I have some wormy pecan, and I want to stablize it. I read someplace you could use actone to "melt" plexiglass in a jar....comes out like a kyro syrup. Then soak the wood in it, let dry and it should give it a hard finish. Anyone tried this? I do know there are dangers involved, just looking for results.

Also, if this would work, could dye be added in the mix?


----------



## 3192 (Dec 30, 2004)

Bill....never heard this one before but I guess anything is possible! Suggest you experiment on a small piece outside and use safety glasses. There is a wood hardening agent that some of the turners use that works fairly well. jim
http://www.minwax.com/products/woodmaint/hardener.cfm


----------



## bill (May 21, 2004)

Thanks, I'll go that route...time tested and all LOL


----------



## speckle-catcher (May 20, 2004)

Bobby has tried the acetone and plexi - but my understanding is that is only used for a finish - not a stabilizer.


----------



## Hooked (Oct 15, 2004)

Maybe look at the Git Rot product they sell for use on boats.

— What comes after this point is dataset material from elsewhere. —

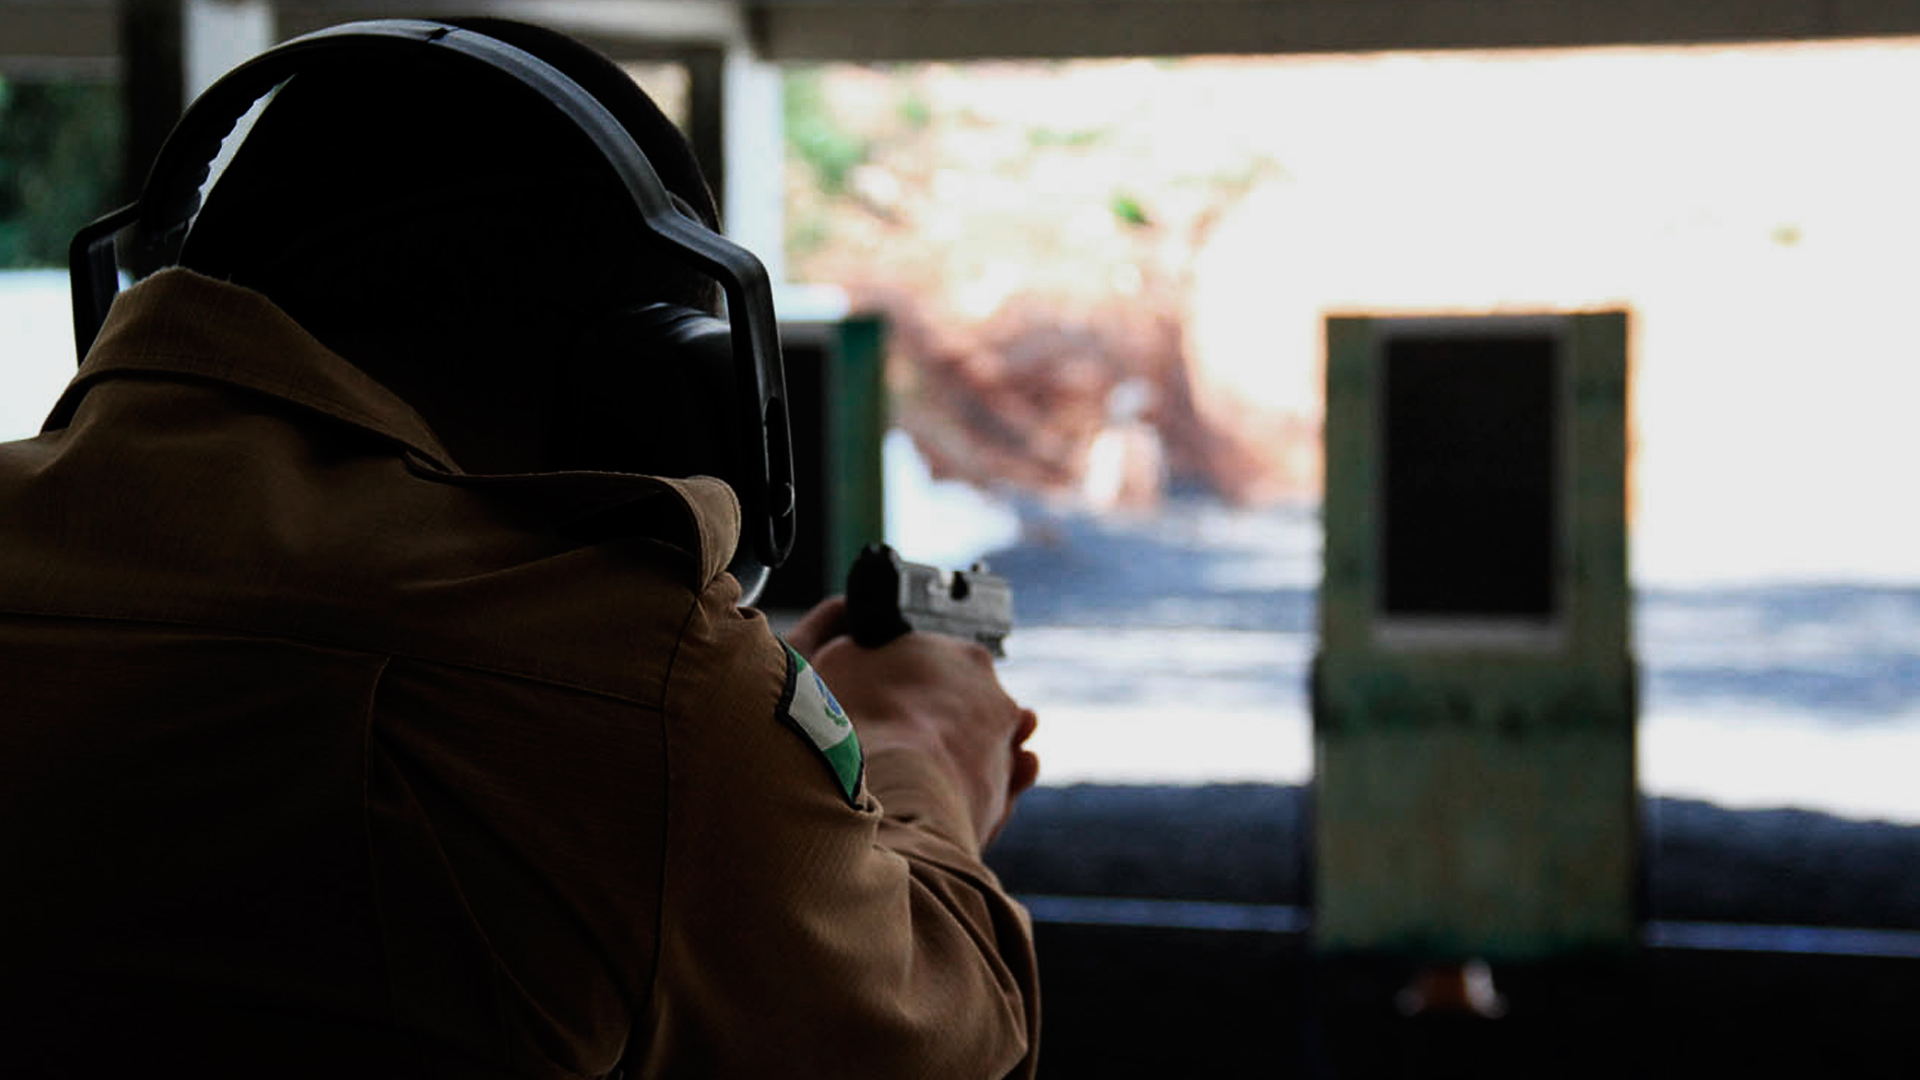 Homem praticando o tiro esportivo. Ele está de costas, utilizando uma farda de policial, um protetor auricular e com a arma apontada para o alvo, que se encontra no fundo da imagem.

The folks at Kemah Hardware have another product which is more 'economical' but I don't recall the name. May be similar to the Minwax product.


----------



## Tortuga (May 21, 2004)

Bill..I'm sure not qualified in this, but everything I've read indicates that stabilizing wood involves trememdous vacumn pressures and compression pressures to get the stabilizer fluids into the pores of the wood. Consensus seems to be that the Miniwax deal makes a nice exterior finish, but even soaking small pieces in it does not get all the way thru the heart of the piece.. Seems to me like we are candidates for commercially stabilized stuff. and there are a lot of places that furnish it...a search on 'stabilizing wood' will give you enough stuff to completely confuse you.LOL

*"Do you have all the kids you want to have? Good life insurance? The acrylic resins are nasty."*

Above is one of the comments I read on stabilzing at home..BE CAREFUL..

Good Luck


----------